BNSF’s Argentine Yard gets facelift in less than 48 hours
Located in Kansas City, the second busiest U.S. rail center behind Chicago, is BNSF’s 780-acre Argentine Yard. Today it is the largest classification yard on our network for merchandise traffic, including everything from chemicals, plastics and construction products to paper, lumber, food, beverages and more.
Every day, more than 2,100 railcars arrive and depart Argentine Yard, which is named for the neighboring community.
As a classification yard, Argentine is where trains with merchandise freight cars bound for multiple destinations are separated and re-sorted into new trains. It’s also called a hump yard because freight cars are sorted by going over a “hump,” or hill, then using gravity to move them into a position.

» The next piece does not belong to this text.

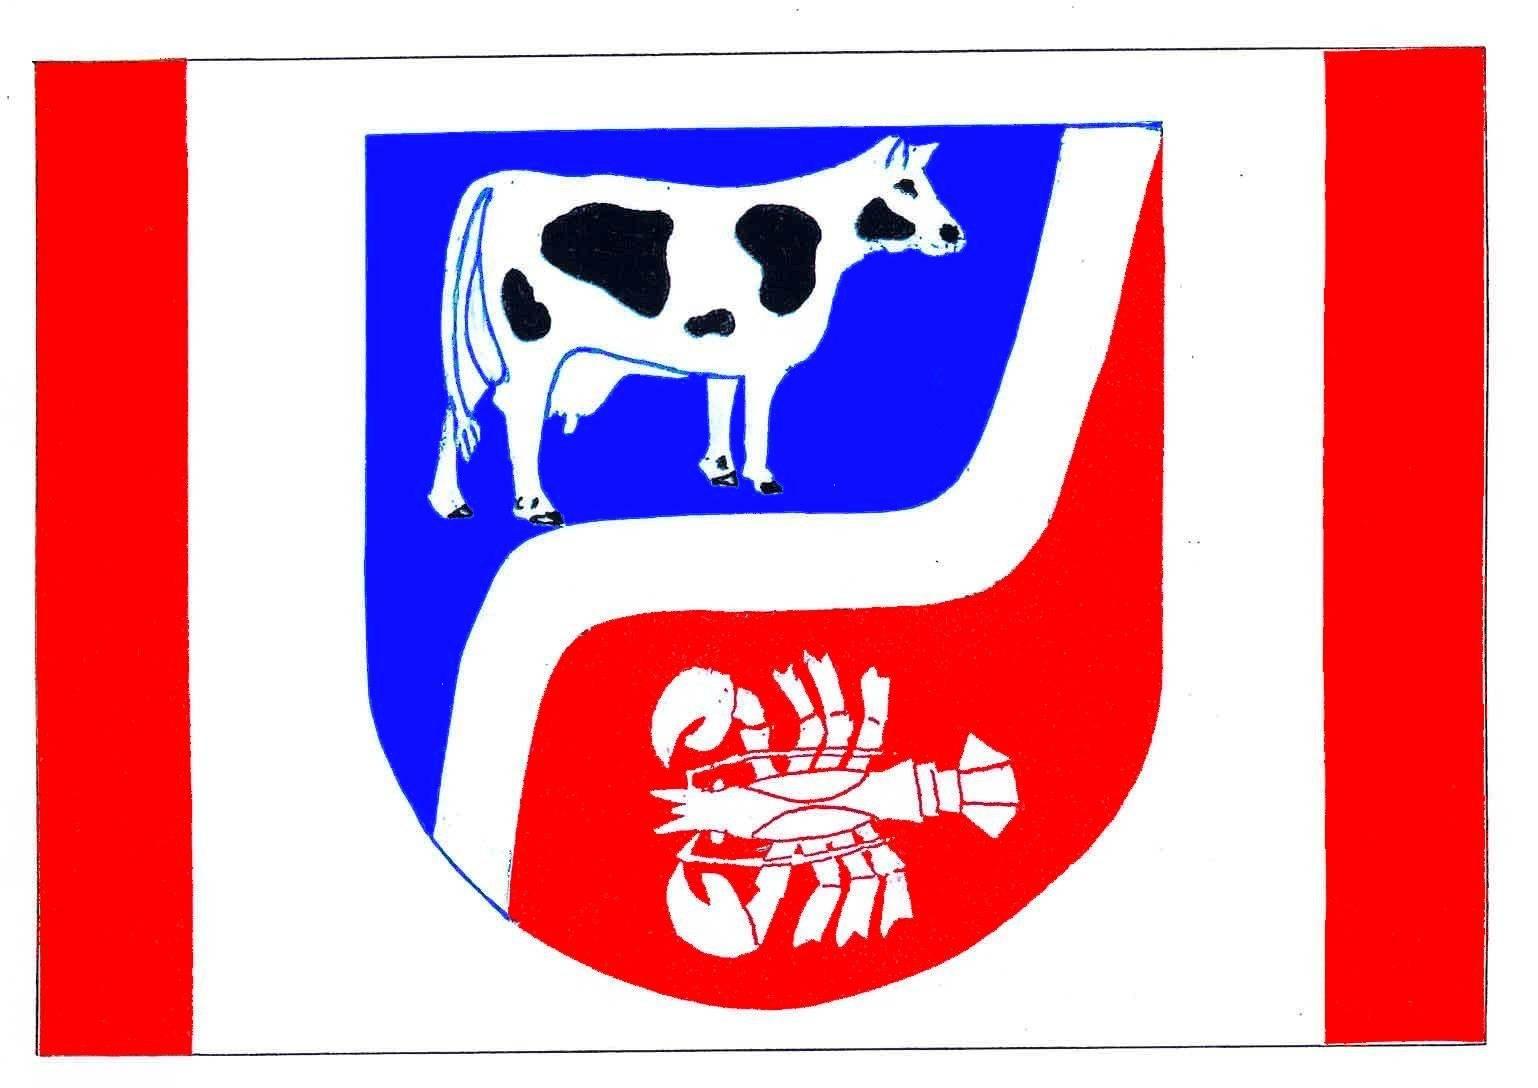 Flagge GemeindeFitzen, Kreis Herzogtum Lauenburg

There’s also an intermodal facility, division offices, and locomotive maintenance and inspection terminal.
Argentine Yard was originally built by the Atchison, Topeka, and Santa Fe Railway (ATSF or Santa Fe) when the railroad came to the area in 1875. By 1890, the Santa Fe had 27-plus miles of track in the yards. All switching was done in the flat yards until Santa Fe opened its first gravity classification yard in 1949.

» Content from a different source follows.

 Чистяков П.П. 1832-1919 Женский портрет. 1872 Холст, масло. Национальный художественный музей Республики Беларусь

Over the years, more tracks, buildings and diesel engine services were added, and for generations Argentine has been one of the major employers for the area. Following the merger that created BNSF in 1995, Argentine was again significantly and strategically expanded as it is a midpoint on our Southern Transcon connecting the ports of Southern California with Chicago and points beyond.
So, an important asset like Argentine requires round-the-clock maintenance and sometimes a major overhaul. Such was the case this year.

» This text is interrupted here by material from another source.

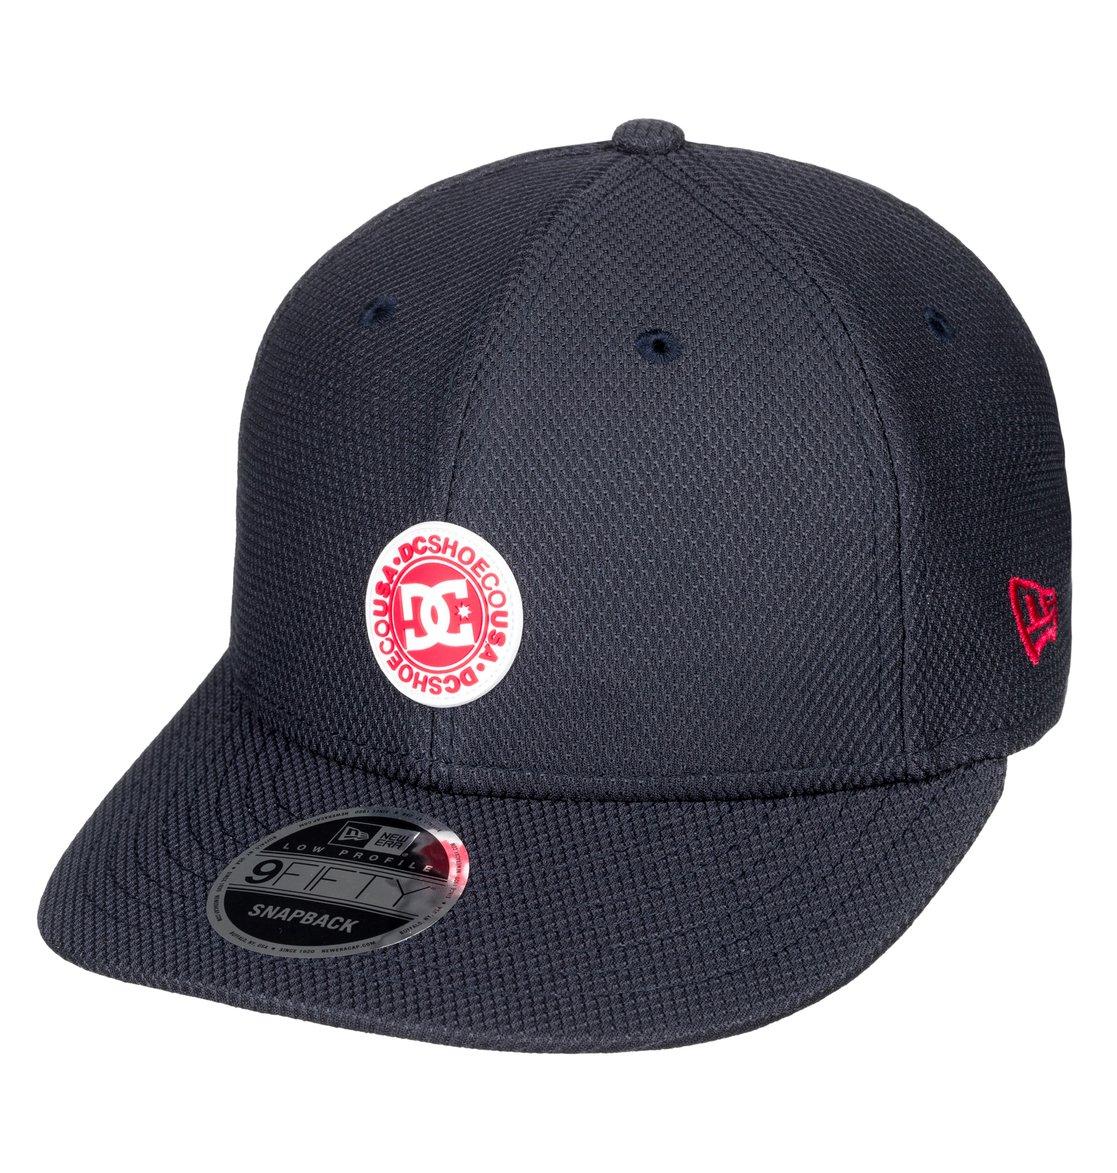 9f1ec7fc1 Low Liner Snapback Hat

“Argentine’s classification equipment needed a facelift so we can continue to provide safe and reliable freight transportation service for our merchandise customers,” Mike Frisinger, general manager, Kansas Division, said.
But replacing major yard equipment and technology in one of BNSF’s busiest hump yards requires significant planning. All incoming trains must be rerouted, yard work paused and all outbound trains cleared. The work must be completed in a defined time window so that the facility can be brought back into service promptly.
Last month, the stage was set for the Argentine overhaul, and more than 150 BNSF team members assembled to complete the long list of improvements in only 48 hours. Major tasks included:
Replacing the yard’s master retarder, stationary brakes in the track that reduce the speed of freight cars are they are sorted into new trains.
Replacing the main hump yard “king” switch used to direct freight cars as they come off the hump into tracks where new trains are being built.
Installing new cameras, a new signal system and more than 13,000 feet of new rail across 60 classification tracks.
Repairing damaged walkways.
Testing all equipment before resuming service.
Not only did the team complete the project injury-free working in 100-degree weather, but the job was done ahead of schedule, allowing service to resume for the customers depending on us.
“I am so proud of our outstanding railroad professionals whose planning, attention to detail and meticulous execution—and focus on safety in every single task—made this happen,” Frisinger said. “Thanks to their hard work, Argentine will continue to be one of the most productive and important classification yards at BNSF, now and into the future.”